Pero cuando las llamas se disiparon contempló sorprendido como el sujeto se le había venido encima con una patada voladora justo a la altura de la cara. Afortunadamente los reflejos de Mako lo hicieron arquear su espalda en C haciendo que el sujeto pasara por encima suyo. Inmediatamente Mako se lanzó al suelo y dibujó una media luna de fuego que tumbó a su oponente que recién estaba aterrizando.
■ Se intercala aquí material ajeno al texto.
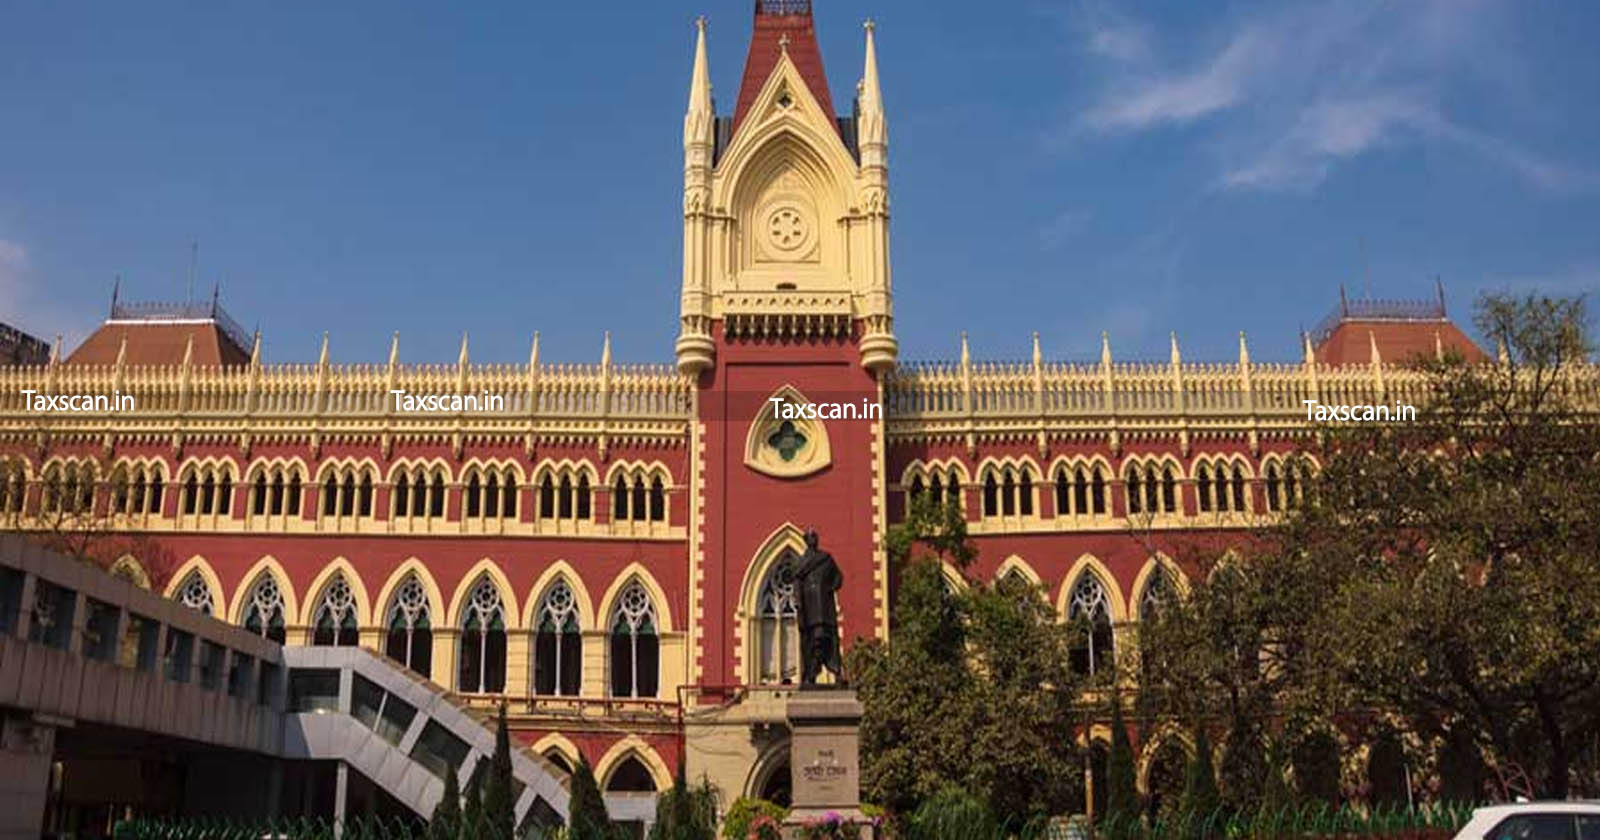 High Court in its Writ Jurisdiction - High Court - Writ Jurisdiction - AO - Scrutinise Facts and Evidences - Scrutinise Facts - Evidences - Calcutta High Court - taxscan

Mako intentó acercarse pero este otro disparó mucho fuego en su dirección y lo hizo alejarse mientras recuperaba su posición estable. Frente a frente, ambos se vieron por unos segundos. Mako ya se había percatado de que era un sujeto ágil, no podía confiarse con él.

El maestro fuego nuevamente se abalanzó encima del detective con un puño en llamas, más sin embargo Mako moviendo su tronco esquivó el ataque para luego arrojar un golpe a su cara que también fue esquivado por su oponente al agacharse rápidamente. Este intentó tumbar a Mako lanzando una patada rastrera, pero Mako saltó a tiempo y con sus piernas intentó golpearlo con una llamarada, al final, no logró hacerlo por la rapidez de ese maestro fuego.

El cansancio comenzó a arropar a ambos maestros fuego, y eso se sentía en sus respiraciones. Pronto, el poderoso maestro fuego extendió su brazo derecho a un lado y unas chispas azules comenzaron a parpadear. Mako abrió sus ojos como platos al contemplar el siguiente movimiento de su atacante.

La electricidad comenzó a recorrer los brazos del sujeto mientras el callejón se iluminaba de azul. Las risas cizañeras de aquel hombre parecieron escucharse por debajo del ruido del relámpago. Entonces cuando estuvo listo para atacar se abalanzó sobre Mako extendiendo su mano para dejar salir el poderoso ataque, pero conservando la calma y anticipando sus movimientos, el cejas arqueadas atrapó su mano con la suya propia para servir como un conductor del rayo y con su brazo libre disparó el relámpago hacia el cielo para no herir a nadie en ese espacio tan cerrado. Una vez hecho esto, Mako tiró del brazo del hombre para darle vuelta y torcerlo detrás de su espalda, a lo cual siguió un grito de su parte. Lo estampó contra la pared y le gritó.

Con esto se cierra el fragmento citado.